The account activity tracked and reported includes checks written without sufficient funds in the account, bank/financial accounts closed with negative balances, and transactions considered potentially fraudulent. Check payees may also report any bounced checks returned unpaid by the bank.
ChexSystems states on its sample consumer report that “Reported Information refers to reports of accounts that have been mishandled, reported for cause, and/or outstanding debts.” See that sample report for examples of these kinds of reported information.
HOW LONG DOES THIS INFORMATION STAY ON THESE SPECIAL REPORTS?
ChexSystems and Early Warning Systems are “consumer reporting agencies” just like Equifax/Experian/TransUnion, even if they provide more specialized information. As such they are subject to the federal Fair Credit Reporting Act, which provides that “an adverse item of information,” including about checking and savings accounts, can be reported for up to seven years.
However, ChexSystems states on its sample consumer report that “[o]ur current practice is to retain this information for a period of five years.”
WHAT HAPPENS IF YOU HAVE ADVERSE BANK ACCOUNT INFORMATION ON YOUR REPORT?
You can get turned down when you try to open a checking or savings account at a financial institution.
If you are turned down, just as with the usual credit reporting agencies you are entitled to be told the name and contact information of the account reporting agency whose report was used to turn you down. You are entitled to receive a copy of that report, and to dispute the information on it. You can also receive a free report every 12 months from each company regardless whether you are denied an account.
Here is the contact information for the two companies:
Attn: Consumer Relations
7805 Hudson Road, Suite 100
Woodbury, MA 55125
Early Warning Services
16552 North 90th Street, Suite 100
Scottsdale, AZ 85260
WILL BANKRUPTCY WRITE OFF THESE BANK ACCOUNT DEBTS?
Yes, bankruptcy will generally discharge—legally write off—debts owing on your checking and savings accounts.
On rare exceptions a financial institution may object to such a discharge of the debt, based on allegations that the debt was accrued through your fraud or misrepresentation. Your attorney will discuss this with you if it is a concern.
WHAT IS A BANKRUPTCY FILING EFFECT ON YOUR BANK ACCOUNT RECORD?
People are often sensibly concerned about a bankruptcy filing effect on their overall credit record. But often that concern is misplaced. Because in most situations filing bankruptcy improves a person’s credit standing over what it would have been had that person continued to struggle without filing bankruptcy.
The situation is similar with consumer bank account reports.

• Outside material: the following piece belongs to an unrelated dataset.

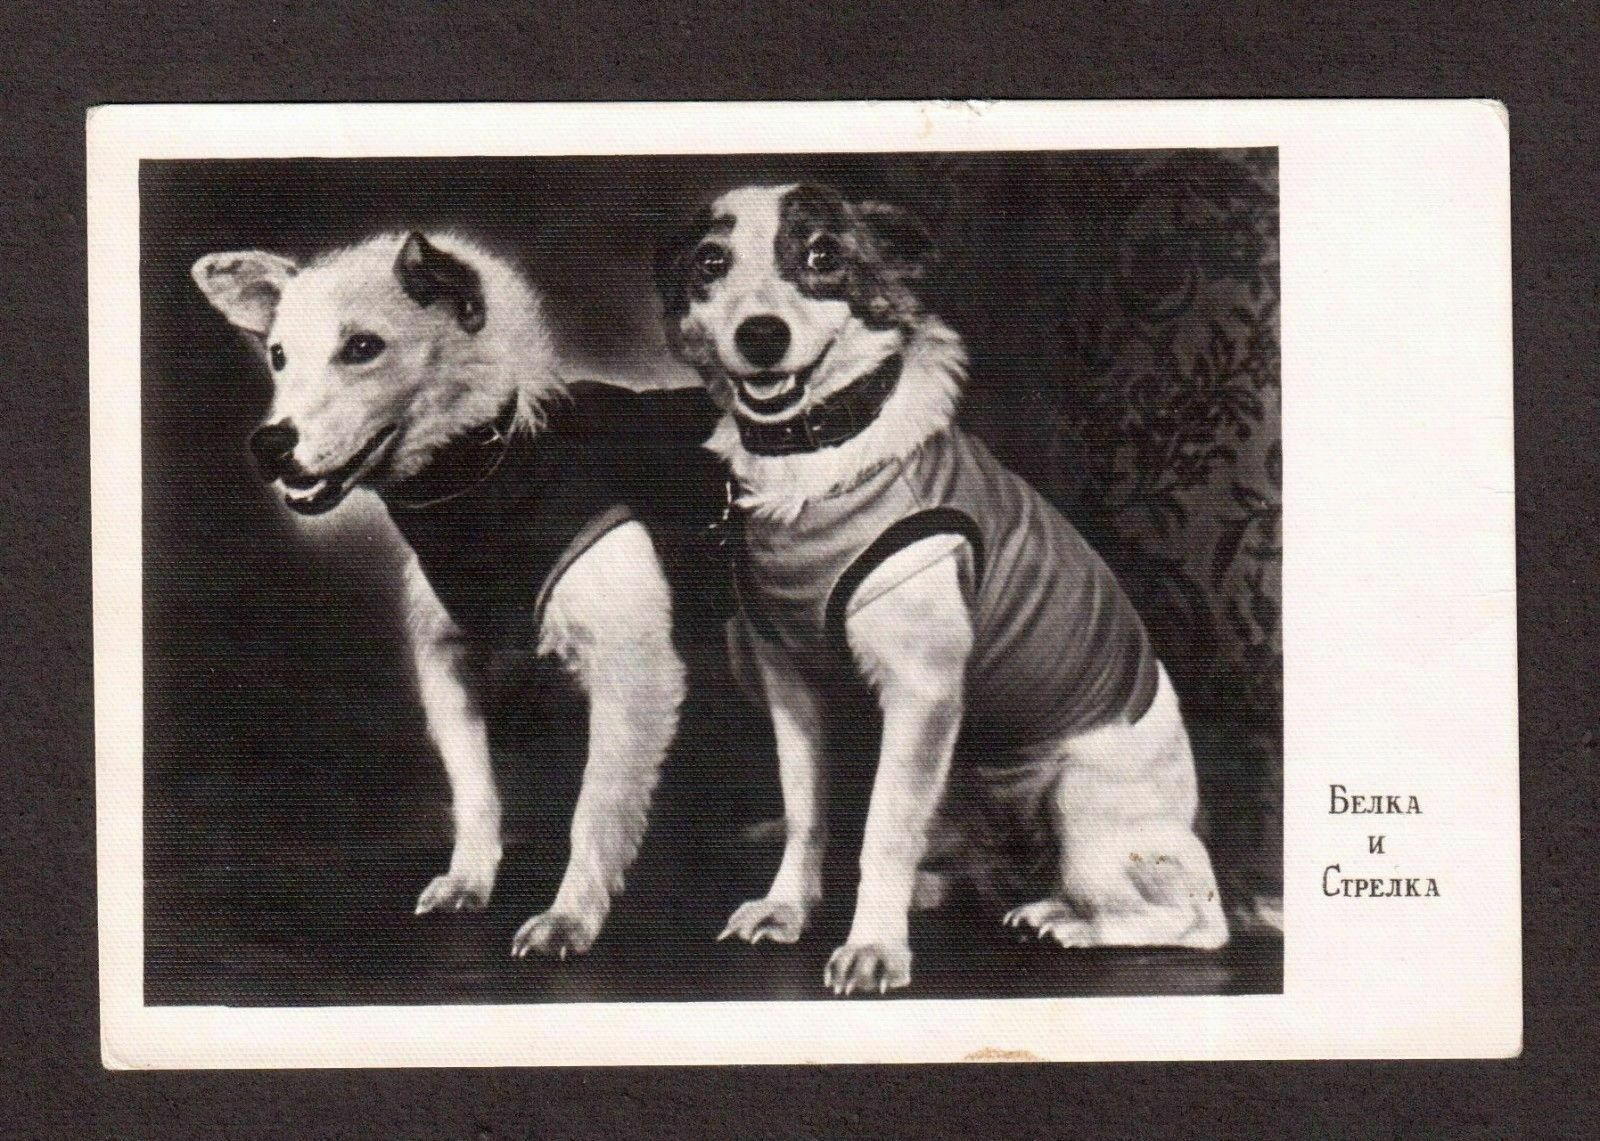 Две собаки в космосе. Полет белки и стрелки в космос. Белка и стрелка советские собаки-космонавты. Собака белка и стрелка 1960. Первые животные в космосе.

Filing bankruptcy can stop the bleeding. If you are already in a viscous cycle of bounced checks and overdraft charges, then filing bankruptcy will get you out of that cycle by getting rid of debts that you can’t handle so that you can deal responsibly with your checking and savings accounts going forward.
And filing bankruptcy can prevent that bleeding from happening if you are right on the brink of it happening.
In both cases, bankruptcy will stop new adverse checking and savings account events from hitting ChexSystems and/or Early Warning Services, making less likely that your account(s) will be closed for such behavior.